DATA TO USE:

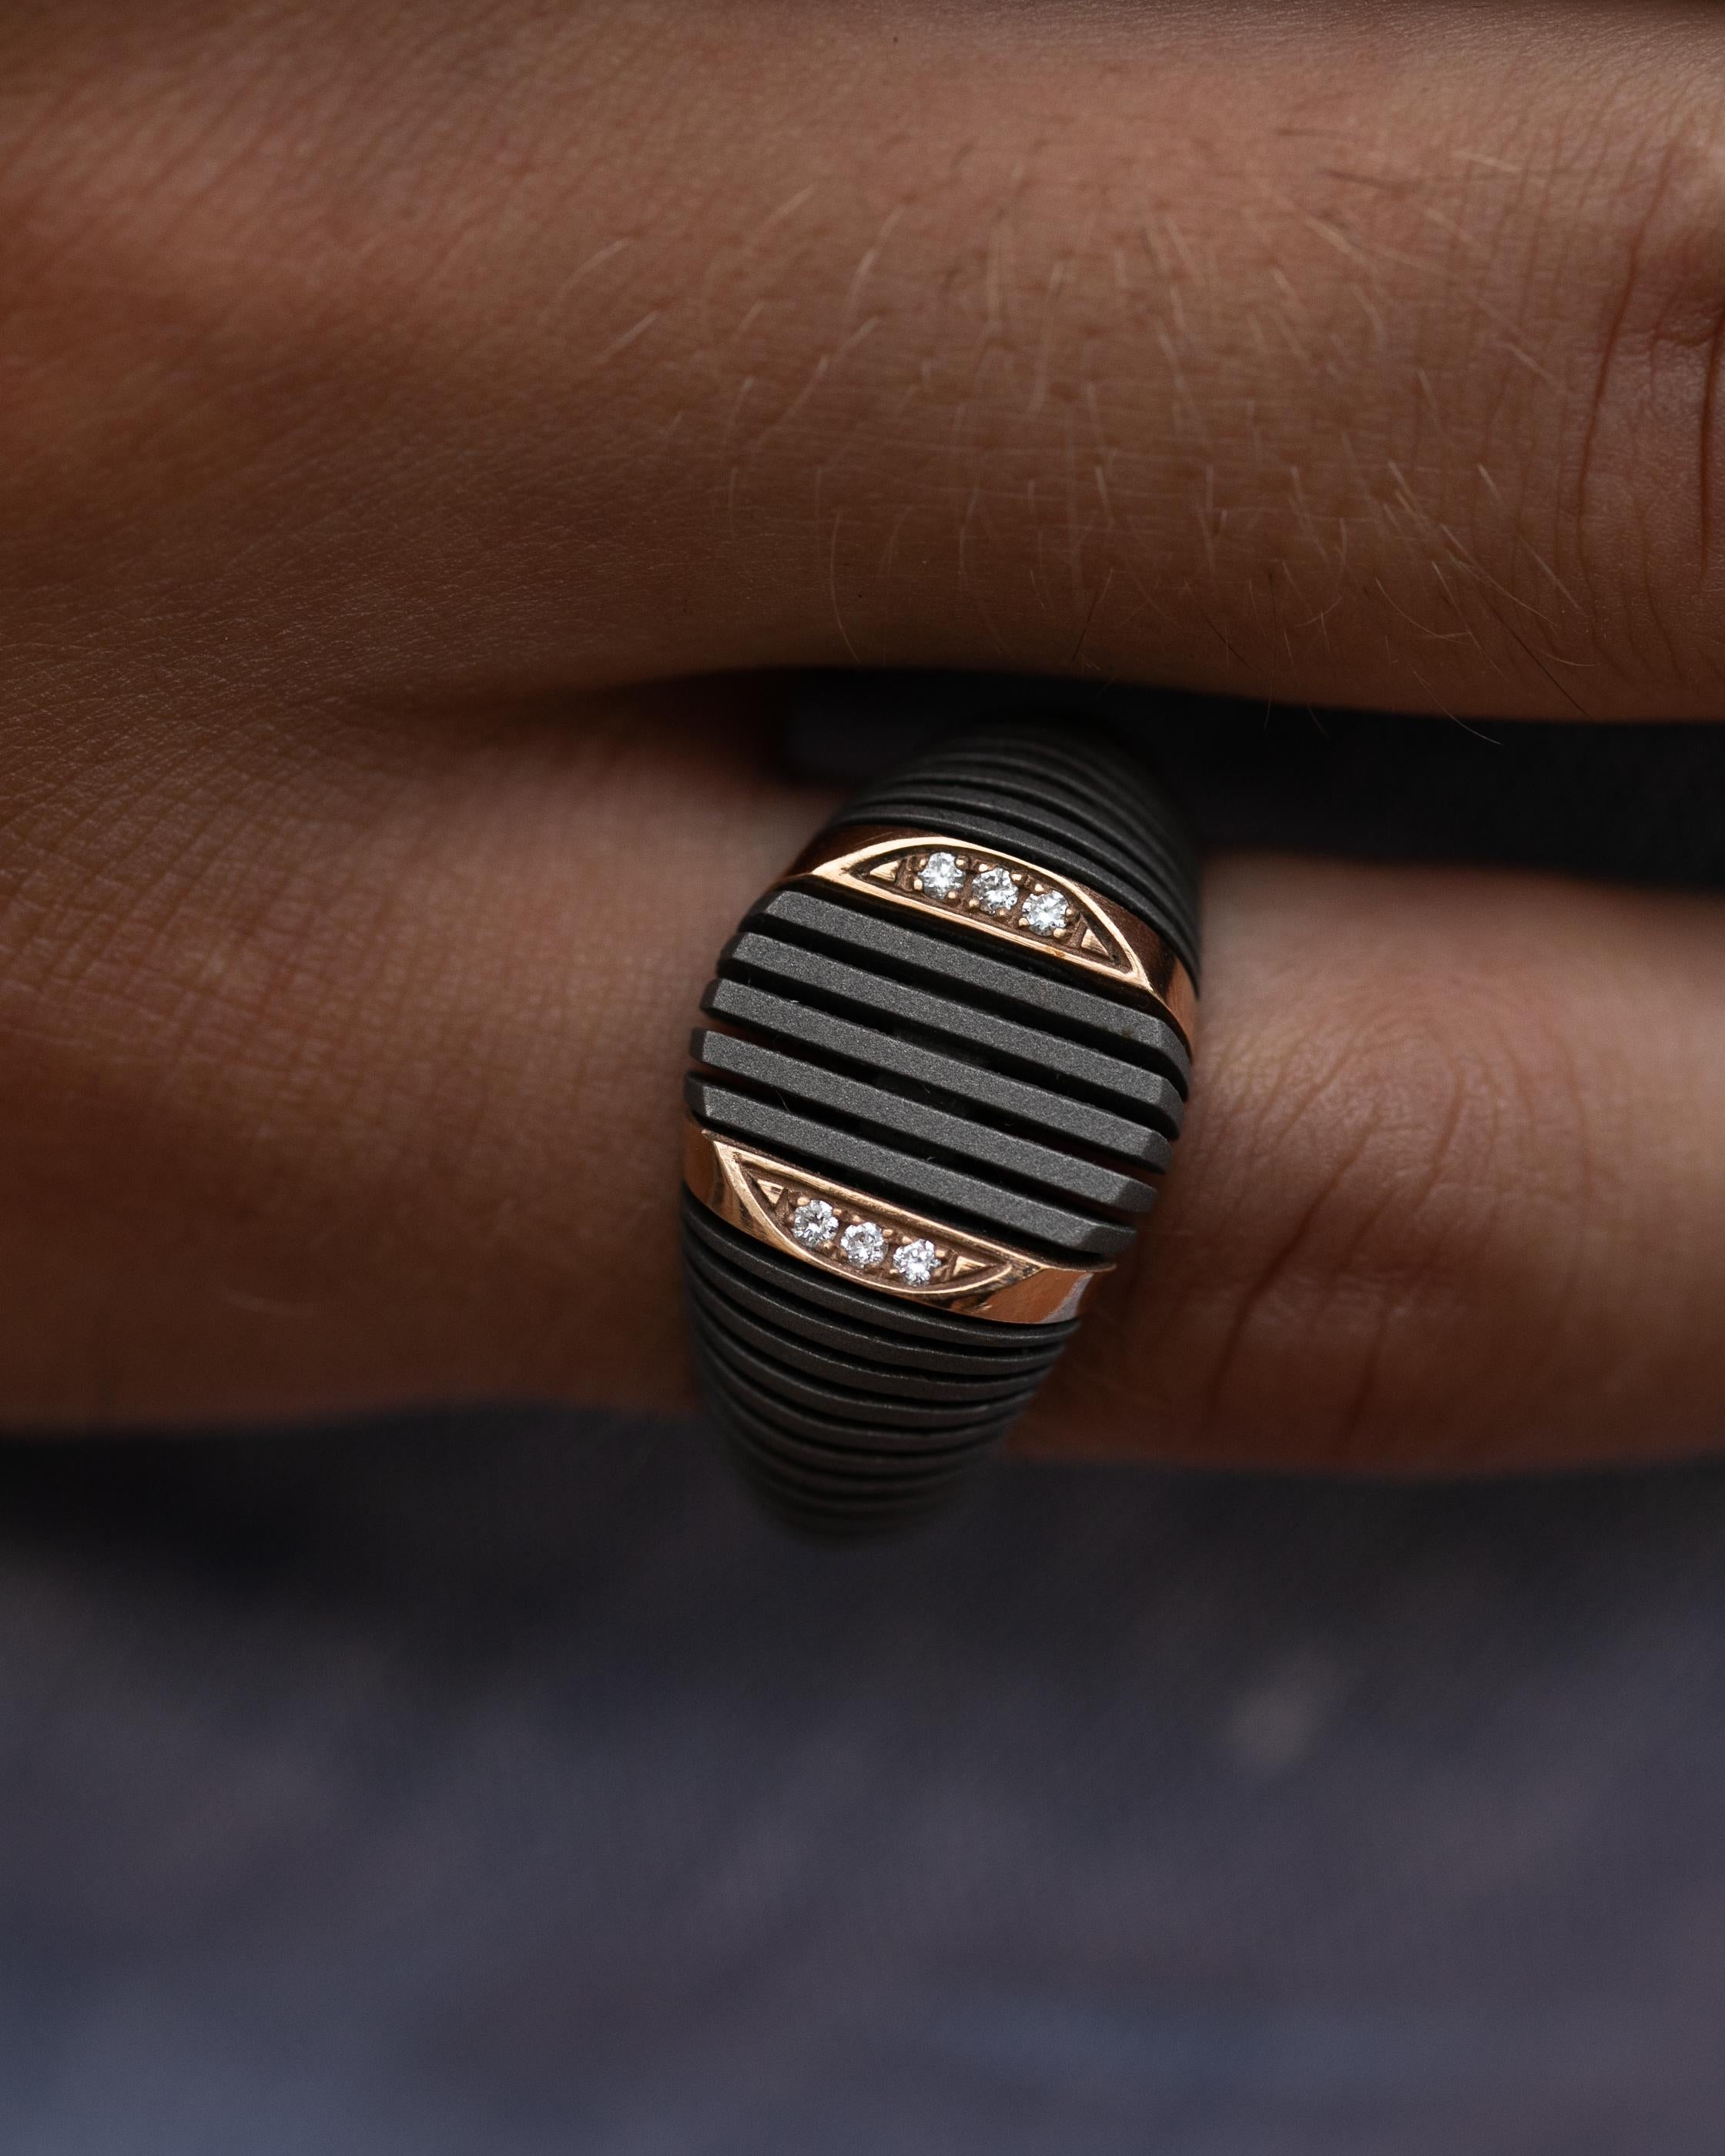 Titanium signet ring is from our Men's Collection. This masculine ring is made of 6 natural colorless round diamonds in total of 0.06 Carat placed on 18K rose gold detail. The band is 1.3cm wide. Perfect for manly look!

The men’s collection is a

---

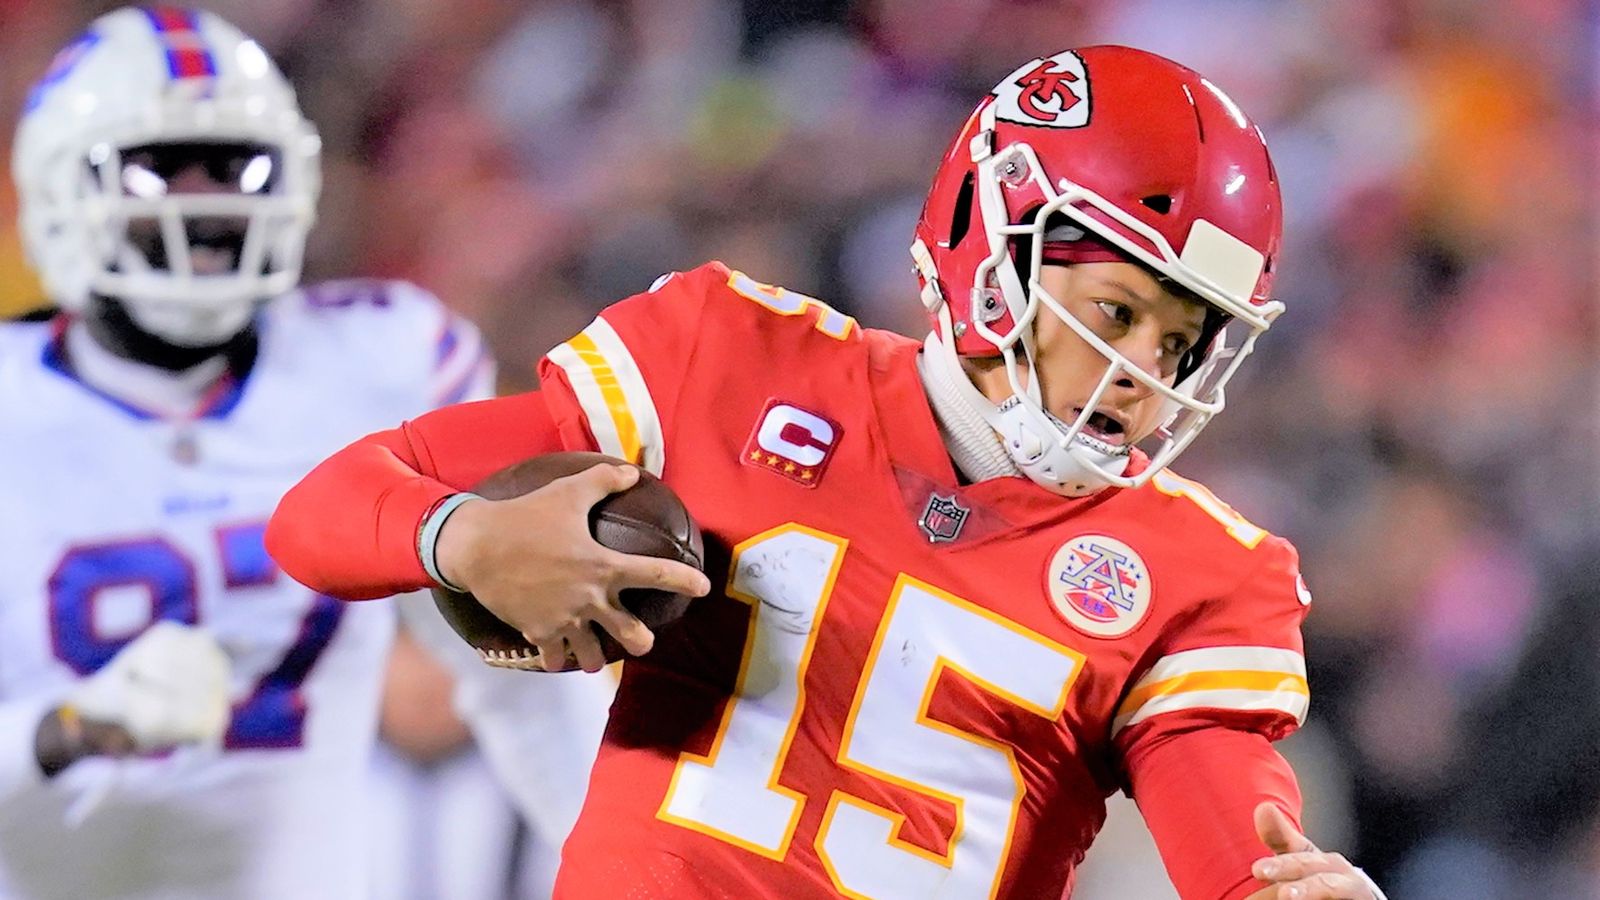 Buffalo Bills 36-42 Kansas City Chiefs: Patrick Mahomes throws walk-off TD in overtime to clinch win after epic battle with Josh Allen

WORK ORDER: Copy the lines above exactly, starting with the line that contains "Titanium signet ring" and ending with the line that contains "The men’s collection is a", and leave out any pictures.

WRITTEN RESPONSE:
 Titanium signet ring is from our Men's Collection. This masculine ring is made of 6 natural colorless round diamonds in total of 0.06 Carat placed on 18K rose gold detail. The band is 1.3cm wide. Perfect for manly look!

The men’s collection is a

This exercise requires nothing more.